Because of this, at 20:00:39 (8:00 PM) local time my Laravel UTC timestamps are 02:00:39. MySQL interprets these times as US Central time, and because the time is between 02:00 and 03:00 (which is when clocks skip forward for US Central), the time is invalid.

The best solution for a Laravel application is to force every database connection to use a +00:00 timezone (or whatever you have set as the application timezone in config/app.php) so there will not be a secondary conversion happening. This can be done in config/database.php:

'mysql' => [
    // ...

    'timezone'  => '+00:00'
],

This way you are not at the mercy of your database server if it has a configured timezone that is different from your Laravel application. The other option is to change the database's time_zone setting, but then you still risk the bug recurring if you ever change hosts or need to rebuild the server for any reason (and don't configure the timezone correctly again), or affecting other databases on the server.
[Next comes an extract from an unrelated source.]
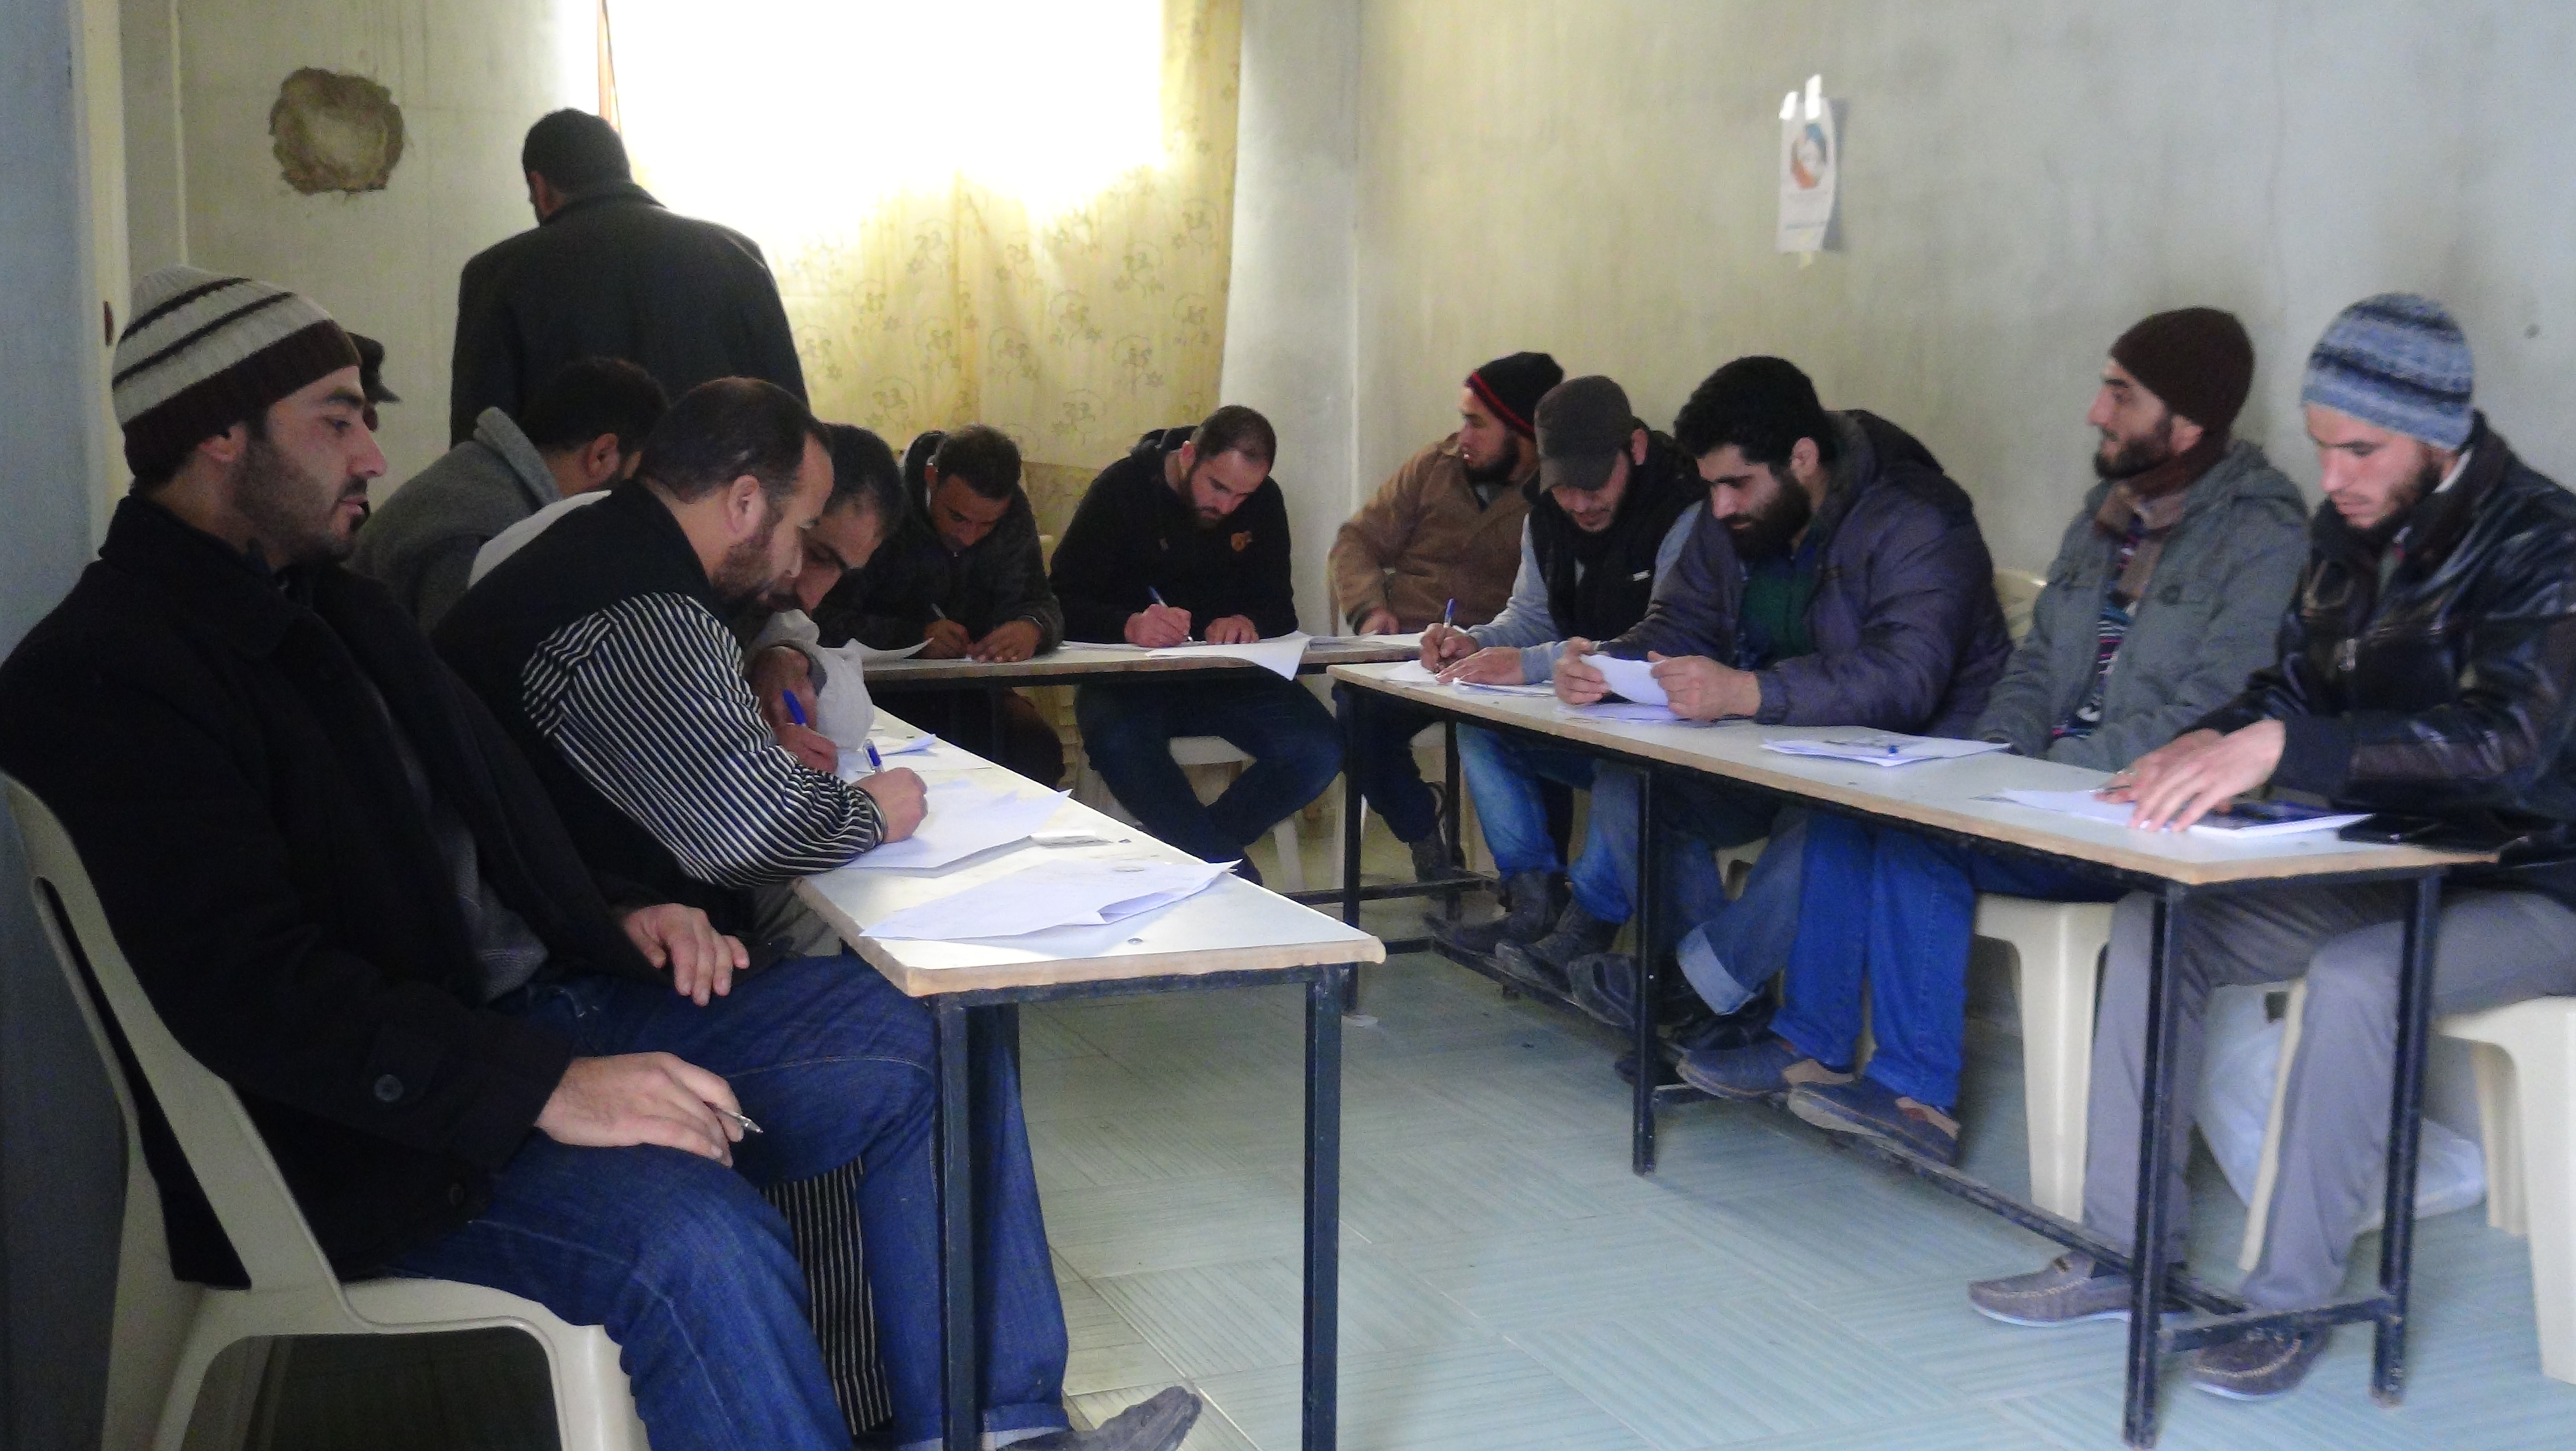 طلاب في ريف حمص المحاصر يجرون امتحانات عن بعد في جامعة

Important note: Since all of the previous timestamps were being offset internally by MySQL from the configured time zone to UTC unix timestamps (which, again, were wrong because the records were already UTC) it might be necessary to run a data migration to correct the old timestamps. I haven't investigated further because for my application it doesn't matter if the old timestamps were wrong by a few hours.